In other words, environmental education programs, and the social and cultural discourses embraced by socially-critical pedagogies, are inherently political such that “if properly implemented, they could be most threatening” (Greenall 1987, p. 13) for teachers, particularly during instances of conflict between their own views and those presented by the school, students and their families (Linke 1984). In light of the challenge of such a significant change, Scott and Oulton (1999) noted that teachers and schools have been poorly guided by “a bewildering mixture of often contradictory instruction”, particularly in terms of maintaining a traditional academic assessment process while implementing learning that addresses the socially-critical, transformative goals for sustainable development (p. 90). There is generally a “lack of clear guidelines regarding EE/ESD pedagogy that contributes to this ambiguity and lag between practice and rhetoric” (Eilam and Trop 2011, p. 56). Many teachers do not believe that they either have the expertise to undertake such teaching, or that it is their responsibility to do so (Fien 1993).

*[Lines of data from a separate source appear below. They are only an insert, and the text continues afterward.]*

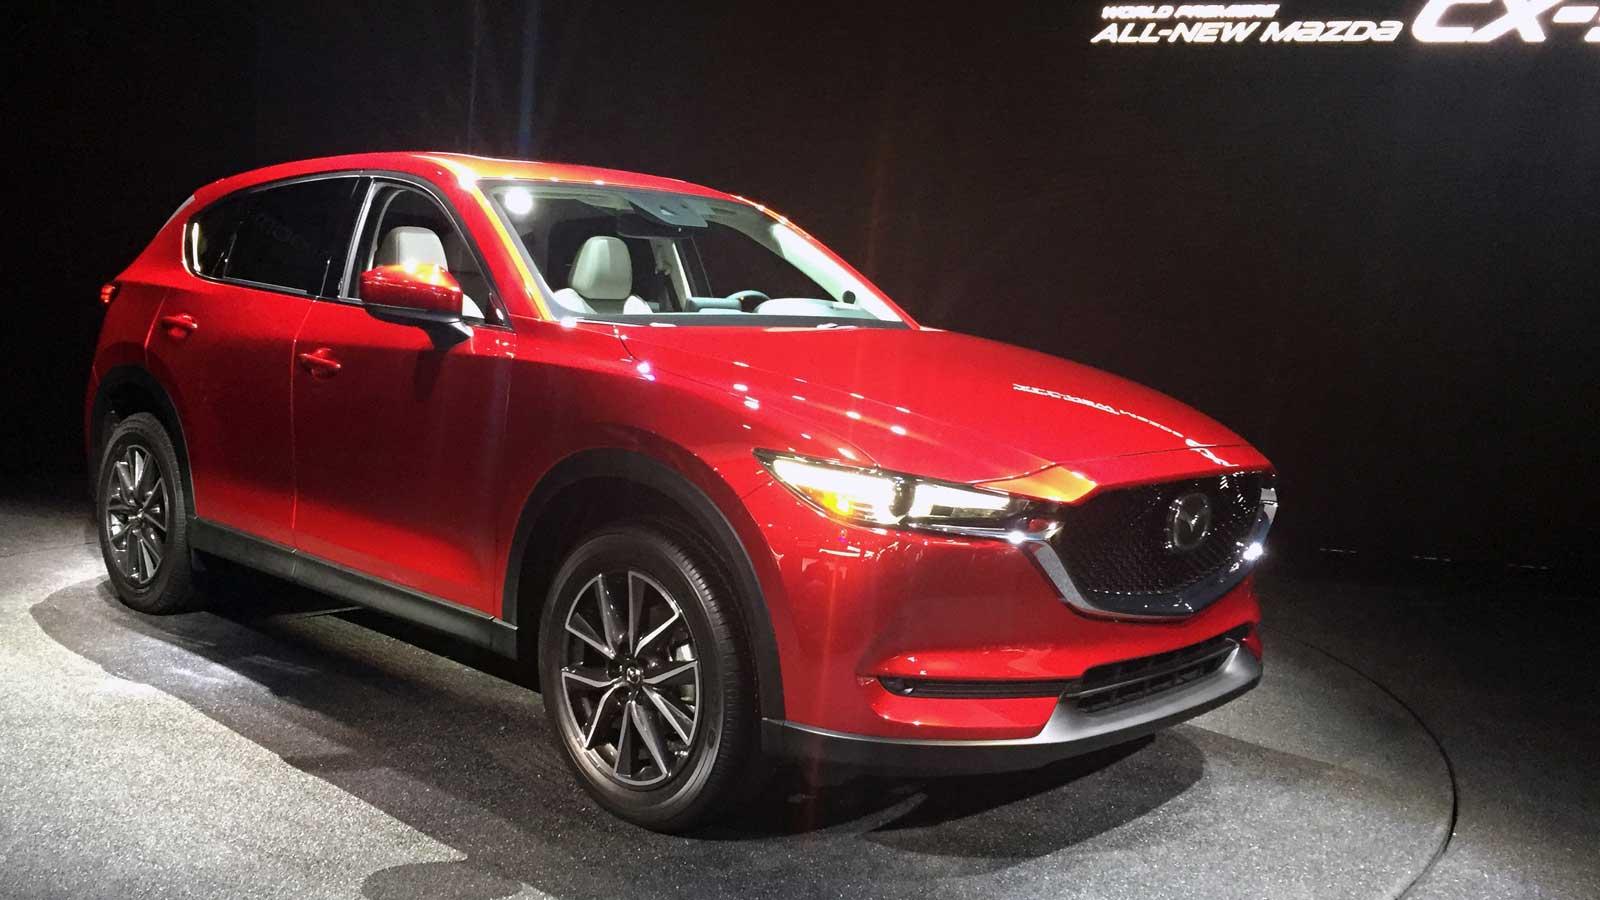 Entre las primicis de LA Auto Show, la nueva (y más liviana y tecnológica) edición del SUV medio Mazda MX-5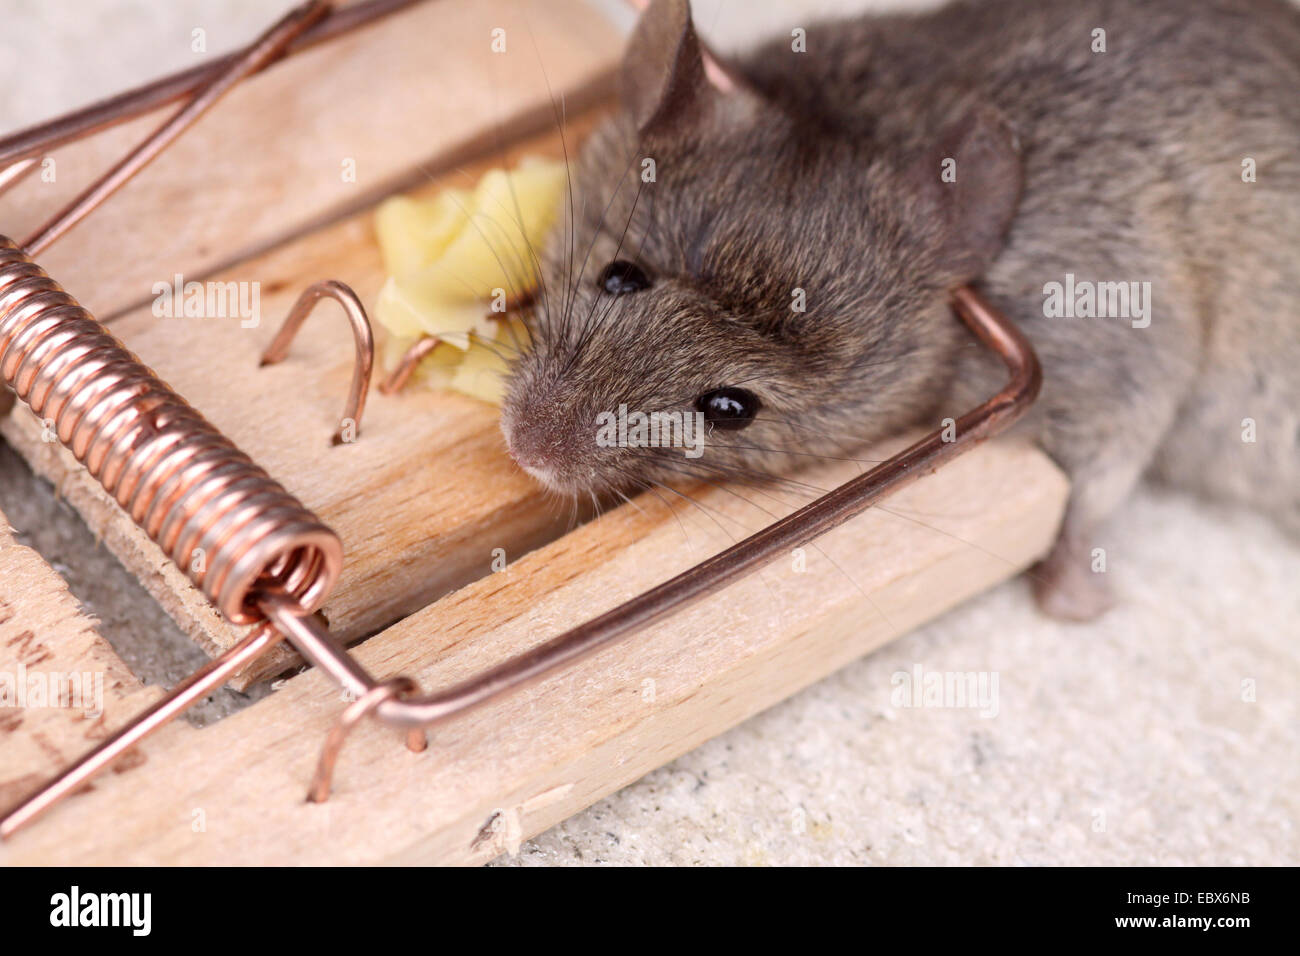 Souris domestique (Mus musculus), souris morte dans une souricière Banque D'Images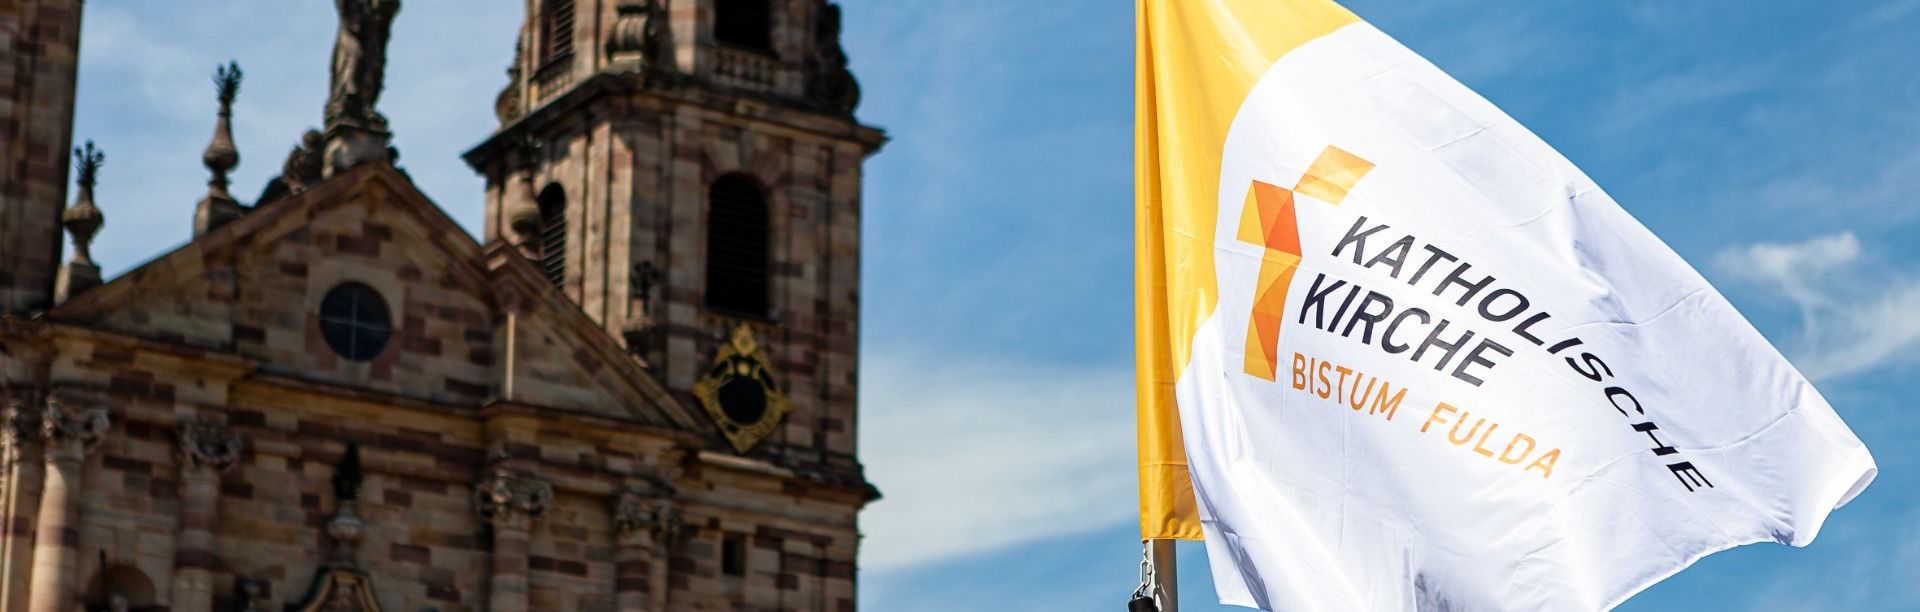 Stellungnahme des Bistums Fulda zu den Durchsuchungen und dem Ermittlungsverfahren in Kalbach

More than anything else, the long history of observed rhetoric–reality gaps in the implementation of ESD suggests that the theory of environmental education is “not sufficiently grounded in teachers’ experiences and in what they feel schools can do, or what the school day is really like” (Robertson and Krugly-Smolska 1997, p. 232). This has led to such rhetoric–reality gaps being attributed to myriad causes, including deficient teacher training, insufficient teacher knowledge, and a lack of time and school resources (e.g. Barrett 2007; Chapman 2004; Fien 1993; Grace and Sharp 2000; Spork 1992; Thomas 2005; Vongalis-Macrow 2007). A socially-critical approach to ESD is often viewed as impractical in that it not only fails to provide teachers with an “implementation” framework, but also “denies their own practical knowledge” (Walker 1997, p. 5). Stevenson (2007a) however, predicts that despite the “substantial” rhetoric–reality gap in environmental education, with increased dialogue and “research for addressing the gap”, the “possibilities for enacting critical and substantive environmental education practices in schools” can be identified (p. 137), particularly if the rhetoric–reality gap is reconceptualised so that “practices in schools are not simply assessed in relation to policy discourse but policy discourse itself is re-examined in relation to teachers’ practical theories and the contexts shaping their practices” (p. 265). Thus, there remains “a need to provide updated information on many aspects of environmental education in the school curriculum to inform policies for curriculum development and teacher education” (Lee and Williams 2001, p. 218).

2.6 Moving Forward

The documents from which this brief history of the development of ESD as effective education for the environment was compiled focused almost entirely on desired educational outcomes. Embedded within the outcome statements of these documents were the assumptions that not only could ESD learning outcomes be pre-determined, but that students would also embrace ESD and actively respond to what they learned. In light of these assumptions, programs such as SSP endorsed a socially-critical pedagogy as the most appropriate classroom approach to the goals of this socially transformative education . However, as these documents failed to indicate how the practice of ESD relates to the ontology of the educational environments in which it is implemented, it is difficult to assess the relationship between the stated ESD outcomes and student learning, or the appropriateness of a socially-critical pedagogy. As a result, the implementation of ESD programs often result in the development of educational rhetoric–reality gaps. In order to find ways in which to more effectively implement ESD, it is essential to understand the educational environments and pedagogical practices through which ESD outcomes are to be achieved. Chapter 3 introduces Anthony Giddens ’ theory of structuration as an ontological framework that outlines and explains the complexity and dynamics of the social interactions that constitute an educational institution, and that can effectively inform investigations into the development of rhetoric–reality gaps in the practices of teachers implementing ESD programs such as SSP.